- [DIRECTIONS]: An exact transcription of all the data is required, with every image removed.

- [SUPPLIED DATA]:
•••••
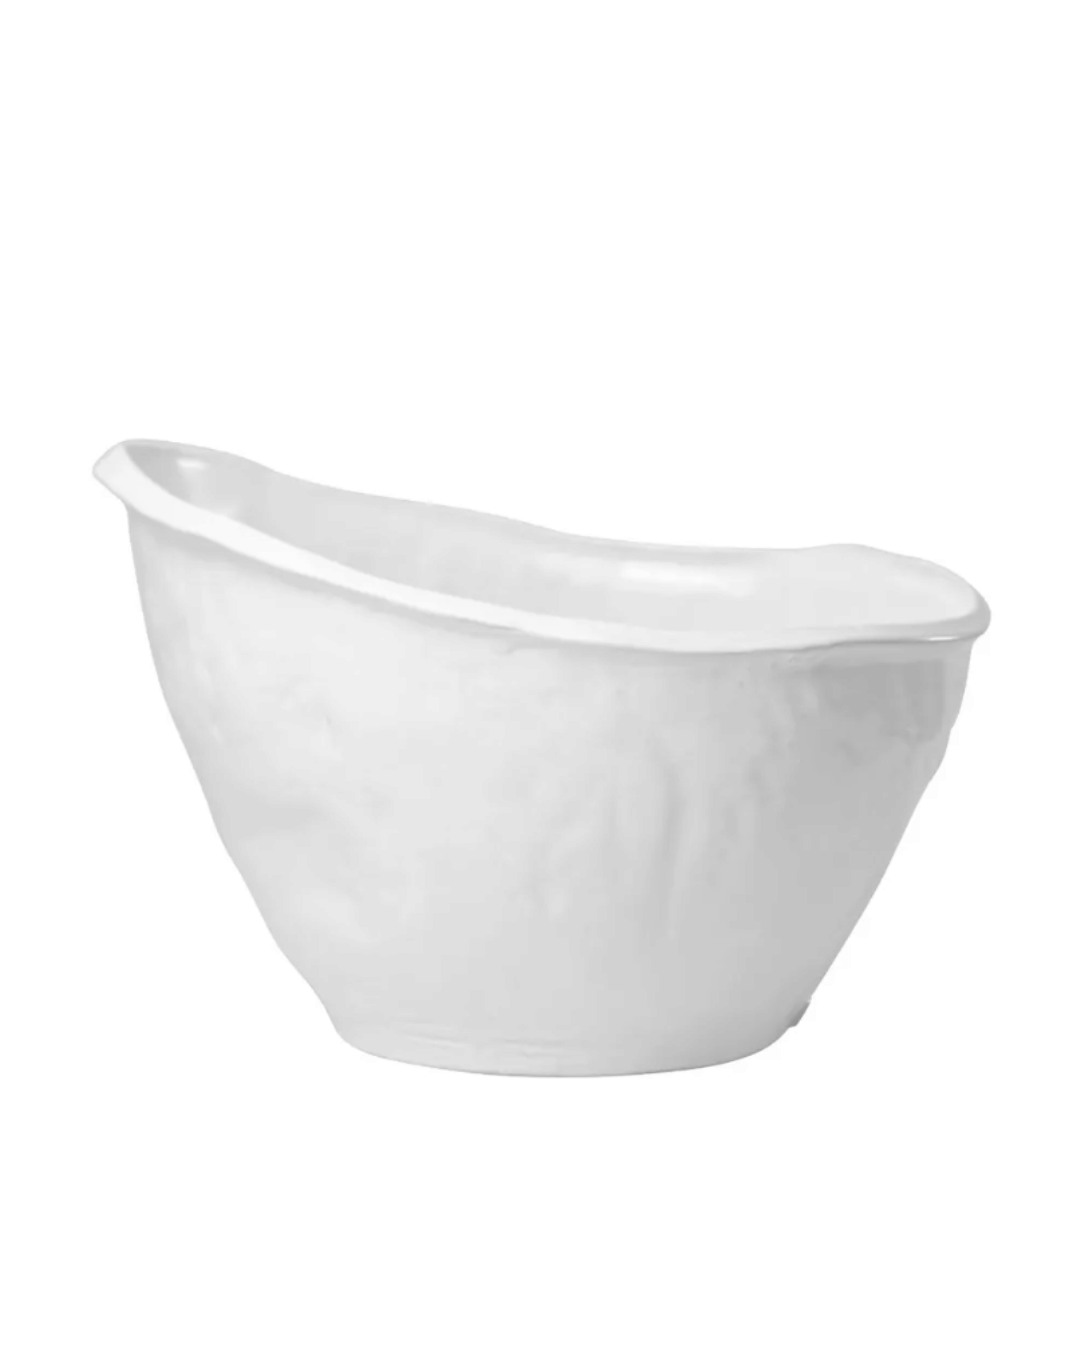 A white, freestanding Ice Bucket No. 775 by Montes Doggett with a modern design on a plain white background, suitable for elegant Scottsdale, Arizona bungalows. The tub features a smooth, curved edge for comfort.
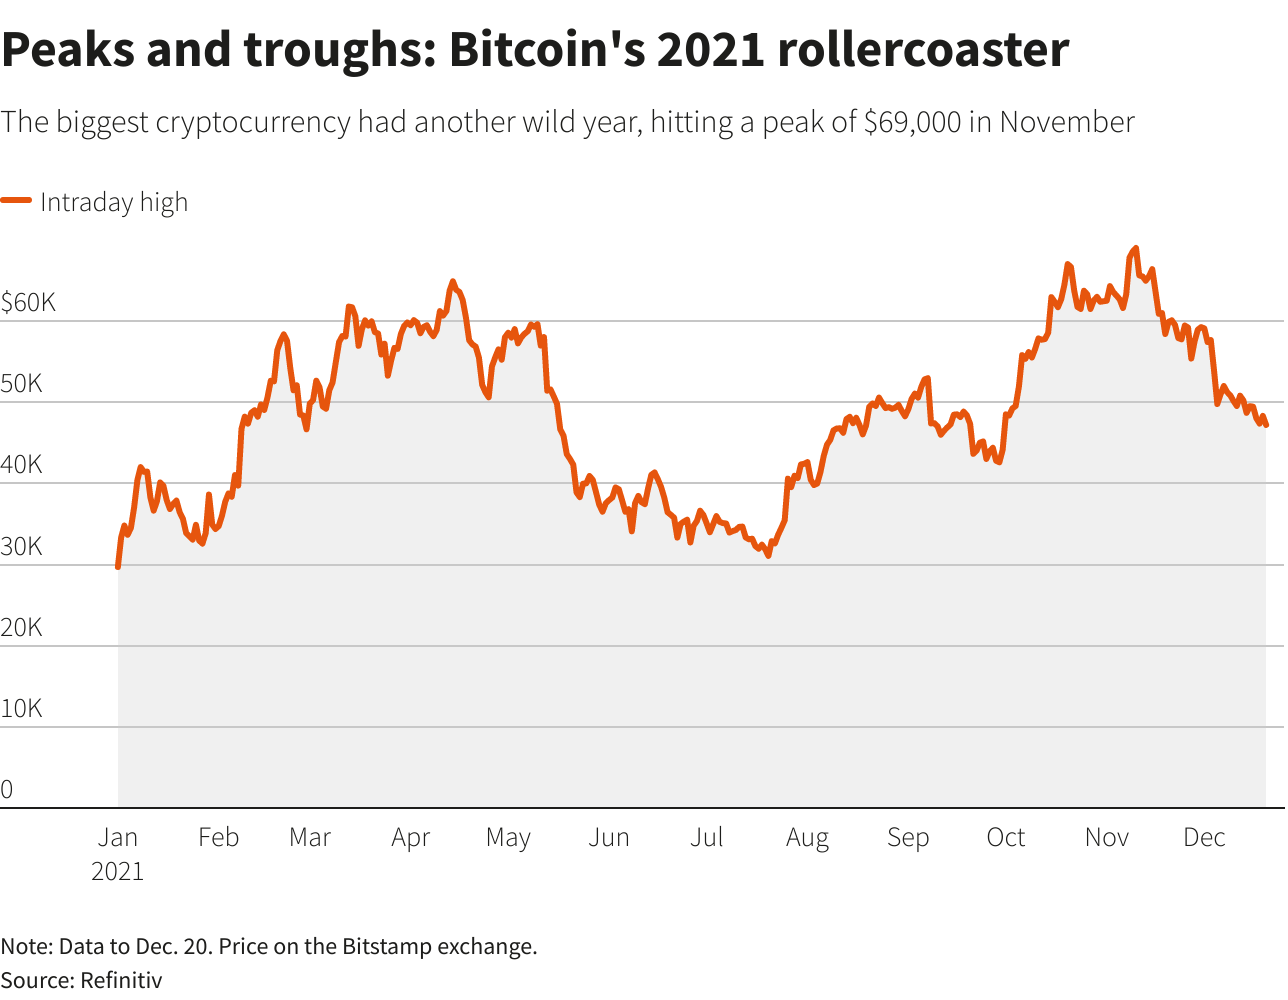 Peaks and troughs: Bitcoin's 2021 rollercoaster
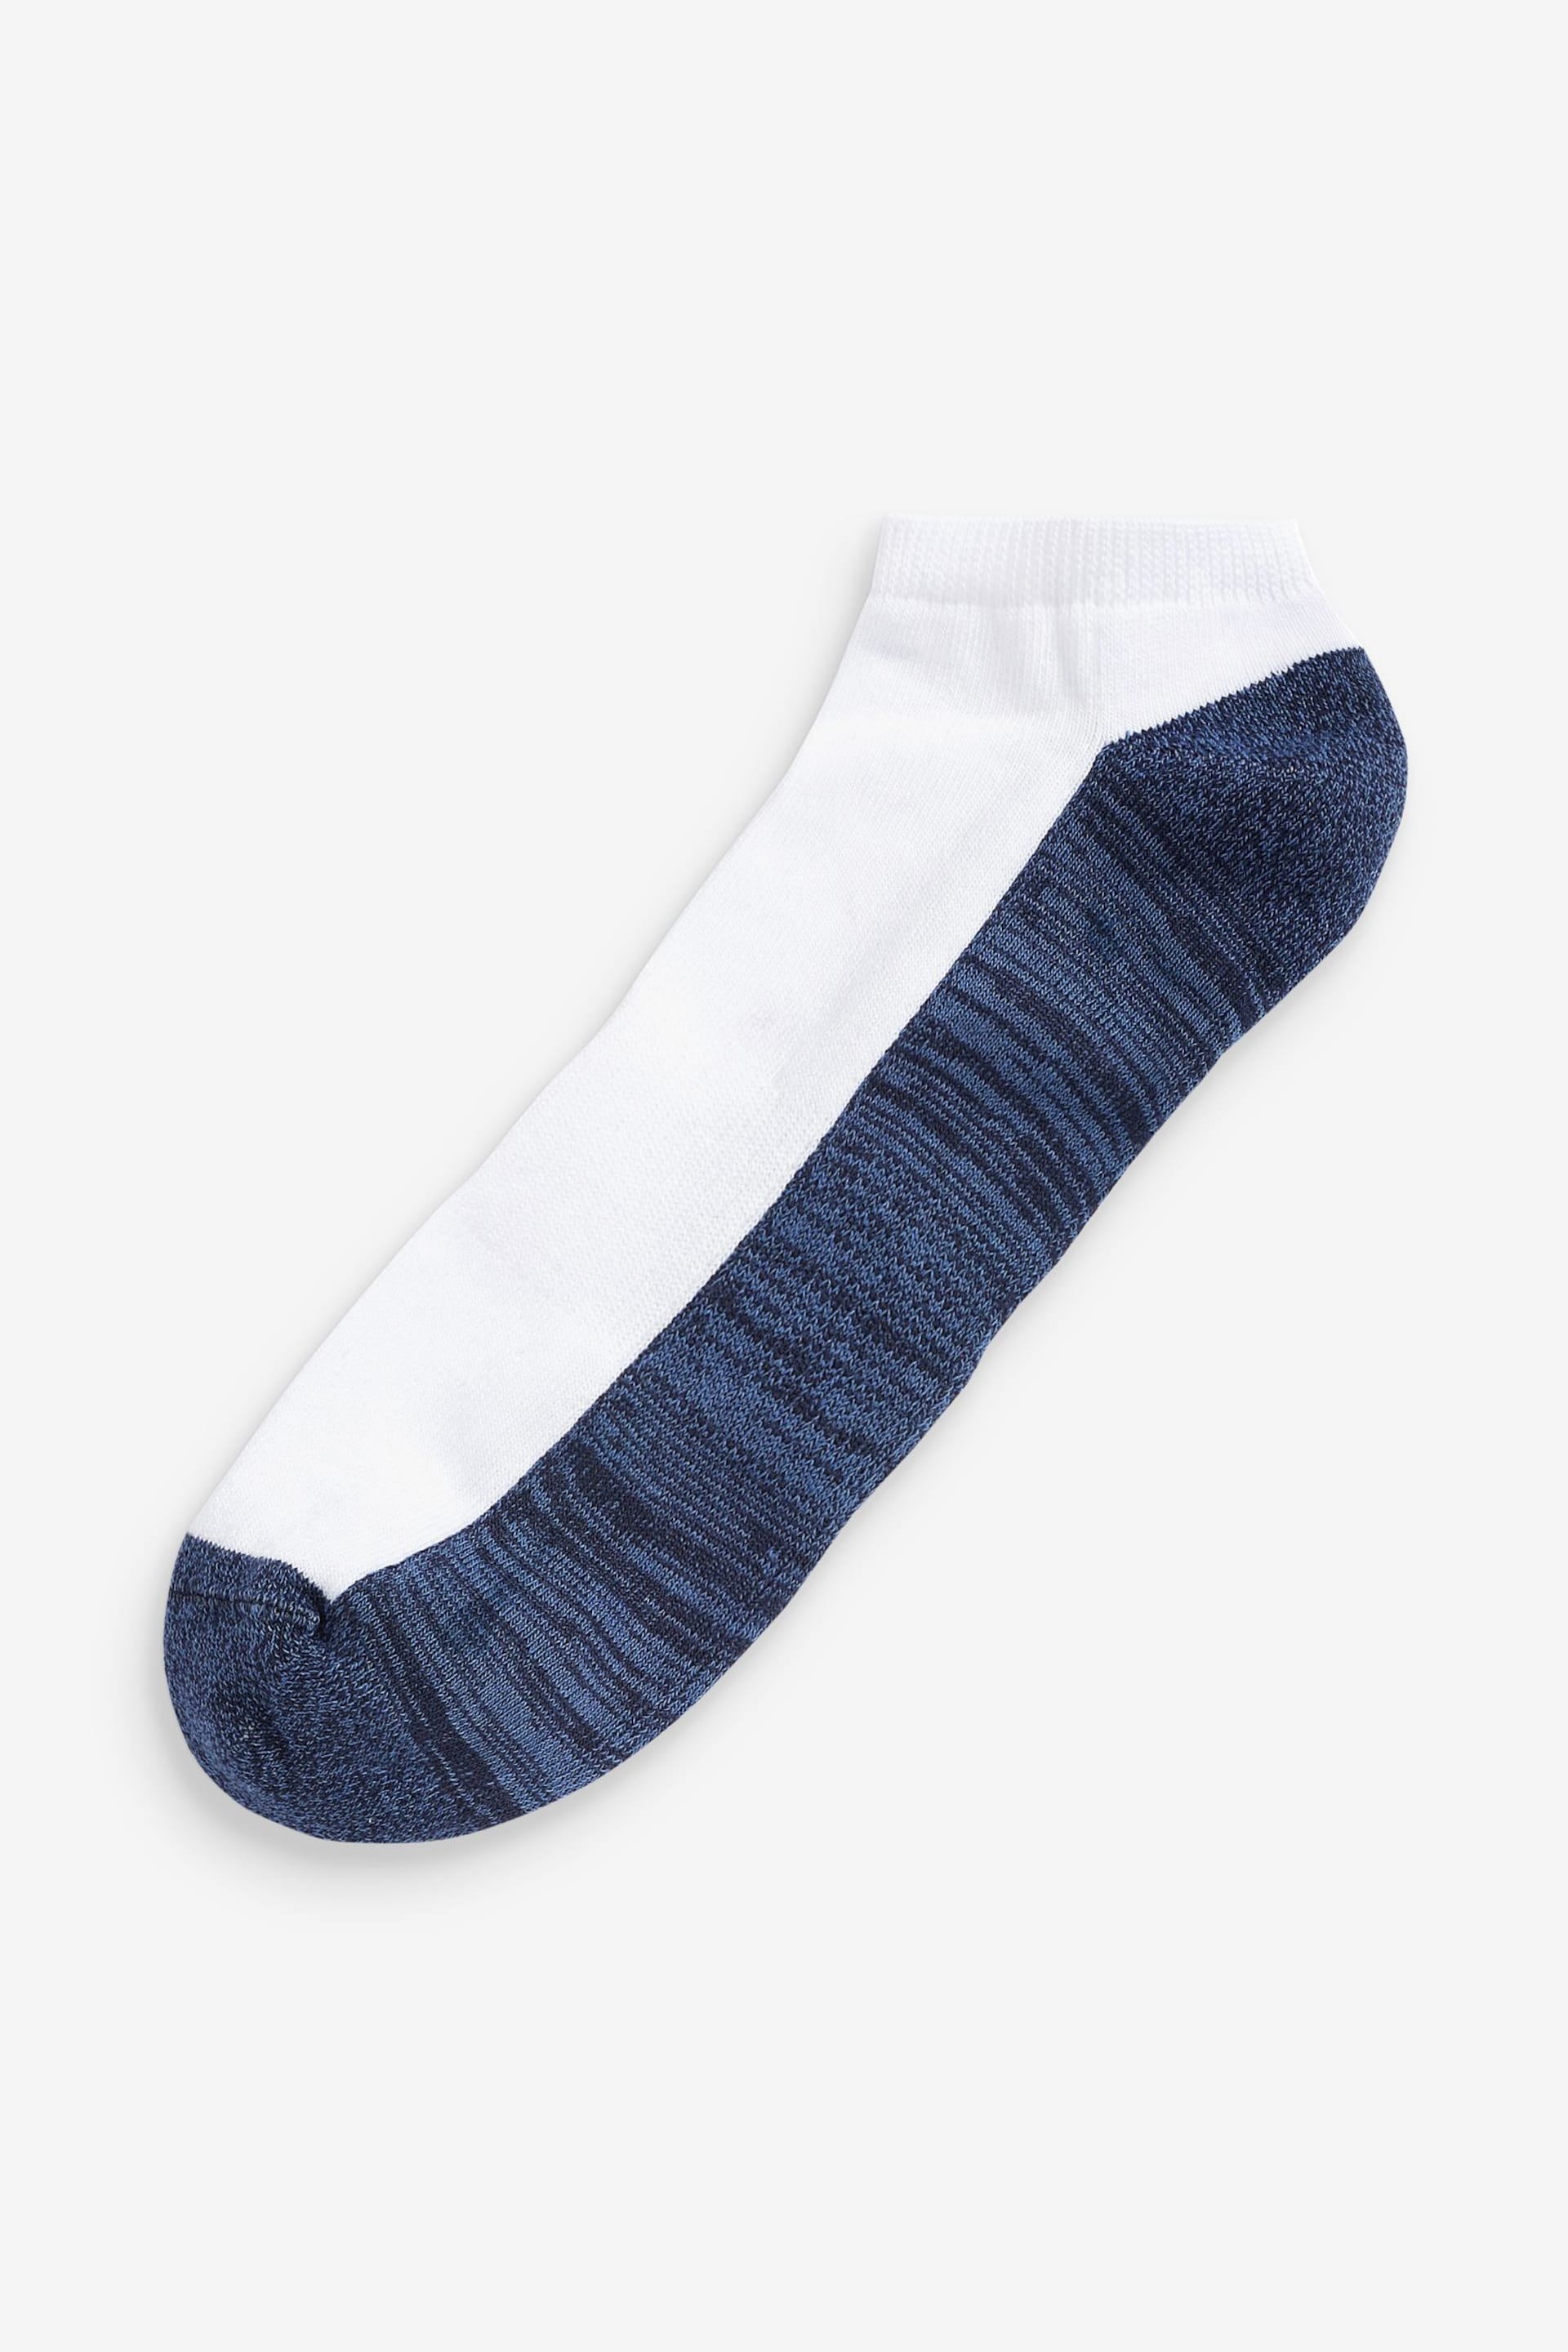 Blue/Grey 5 Pack Cushioned Trainers Socks - Image 5 of 6
•••••
- [SOLUTION TO THIS PROBLEM]:
 A white, freestanding Ice Bucket No. 775 by Montes Doggett with a modern design on a plain white background, suitable for elegant Scottsdale, Arizona bungalows. The tub features a smooth, curved edge for comfort.
 Peaks and troughs: Bitcoin's 2021 rollercoaster
 Blue/Grey 5 Pack Cushioned Trainers Socks - Image 5 of 6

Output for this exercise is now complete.